This could mean the large boulders in the Shoshone R as it flows from below BB dam down through Cody, WY or the heavy silt load on the Shoshone R at the BB dam, the Willwood dam, and where it flows into the Big Horn Reservoir (all in the Thermopolis solve).  I also took this to mean heavy loads of huge boulders in the rapids in the Lamar Canyon.  Water high might mean the high water mark of the Lamar (or any) river.  Water high could be where Lamar joins the Yellowstone and becomes a river too deep to cross on foot.  It could also mean any alluvium, especially braided – can’t paddle that – , at a creek’s mouth such as where it spills into a larger river)  Heavy loads (lodes) might also be referencing the many prospects and mines such as in SW Montana and along Clear Cr in Colorado.  Heavy loads and water high could mean a glacier or perennial snowbank.

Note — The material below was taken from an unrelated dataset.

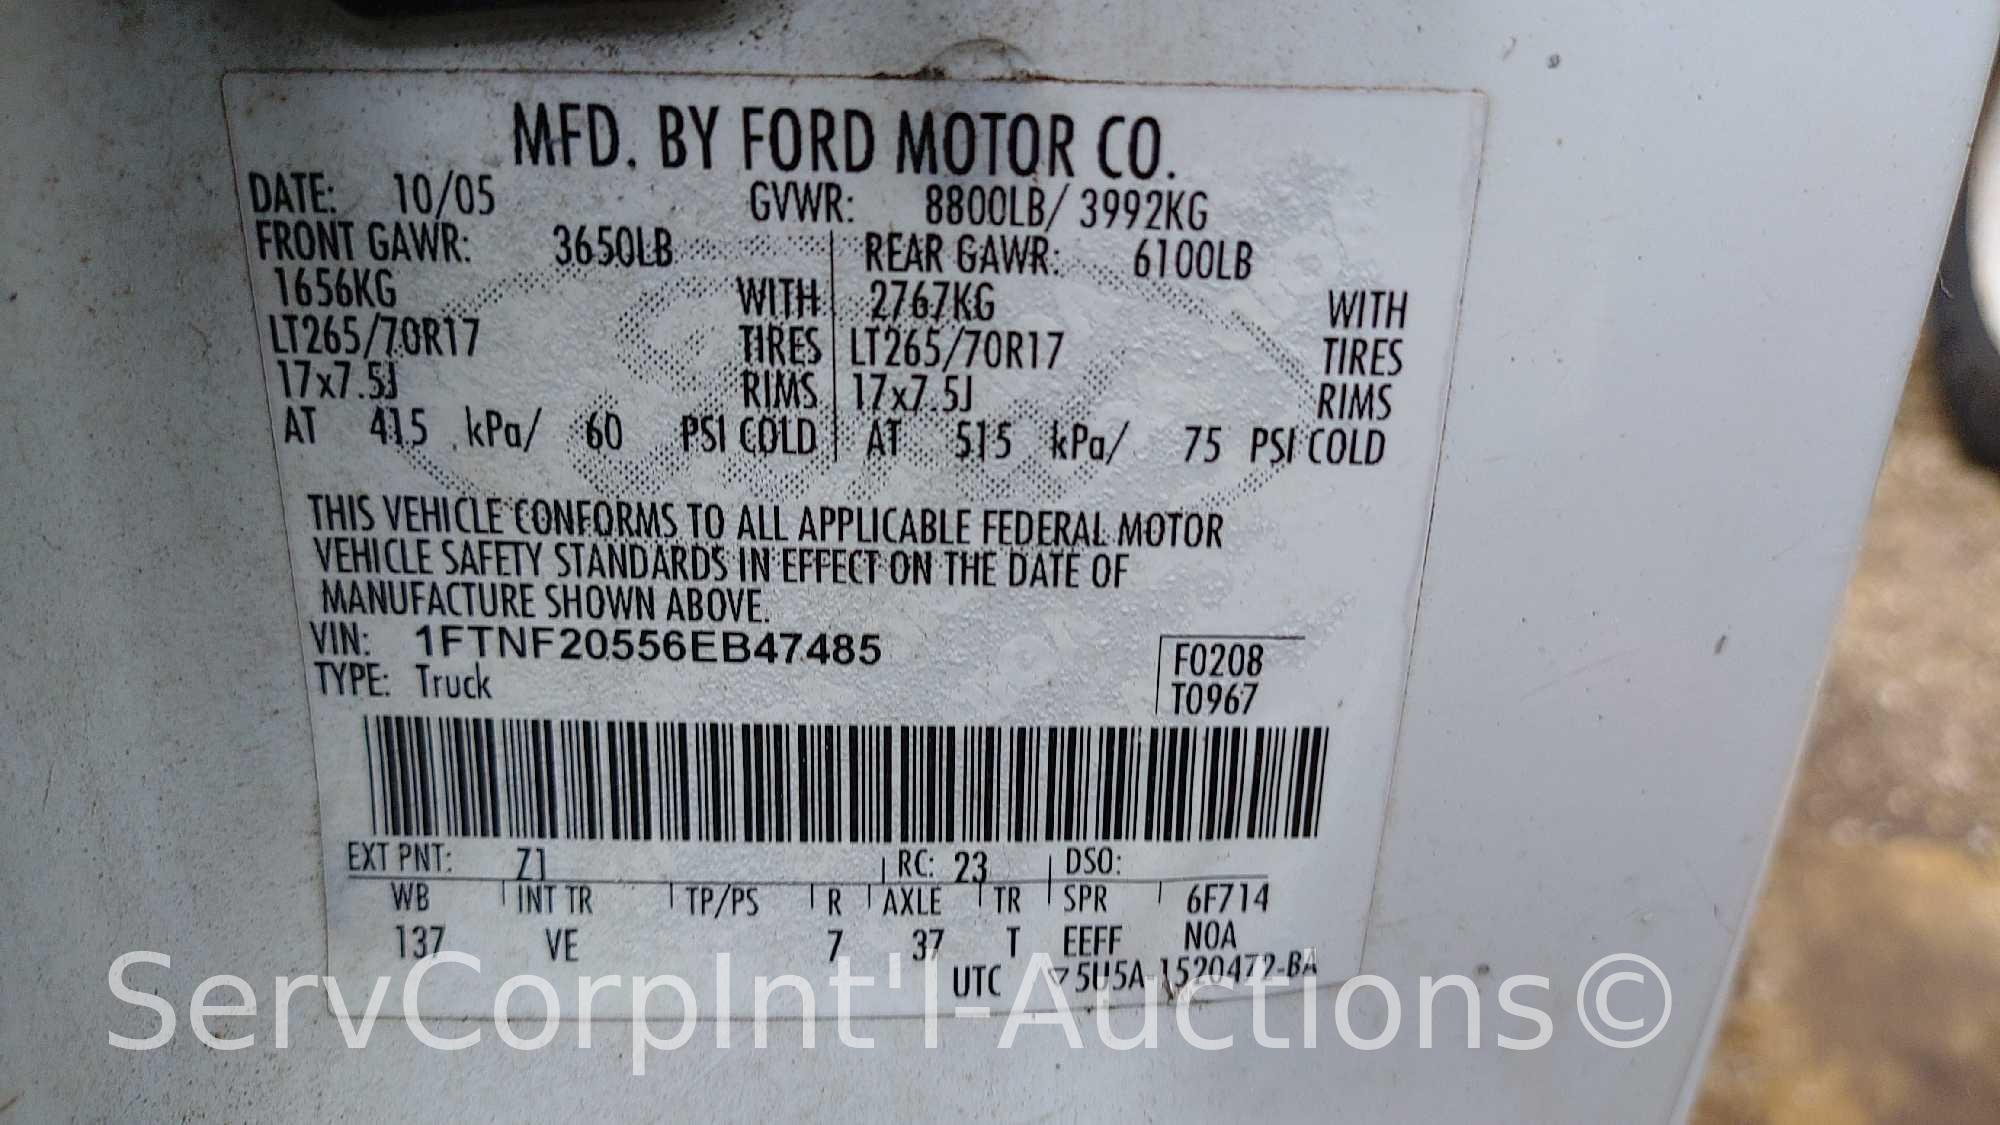 2006 Ford F-250 Toolbody Truck, VIN # 1FTNF20556EB47485

If you’ve been wise and found the blaze,   
For the Thermopolis solve:  you have gone past Sage Creek (wise) as you go upstream.  The blaze is the Firefighters Memorial on Shoshone River upstream of the dam, elevation:  6190’.  This falls apart at the end because of the ff comment about no human trails in close proximity.

On the Fort Collins/Estes Park solve I was looking at a B-29 crash site that I thought ff might visit and honor because he had been a military pilot.  The B-29 trail description is to look for an Arrow on the final leg to the B-17 crash site.  For this solve I ignored it being a place ff might want to be buried.

My first solve along the Lamar R included an “owl face” along the river in the foothills between Tower Falls and Lamar Canyon.  The “eyes” are two small lakes, the beak is a small hillock south of the eyes.  The Blaze is an outcrop of white soil between and north of the eyes about 200 feet.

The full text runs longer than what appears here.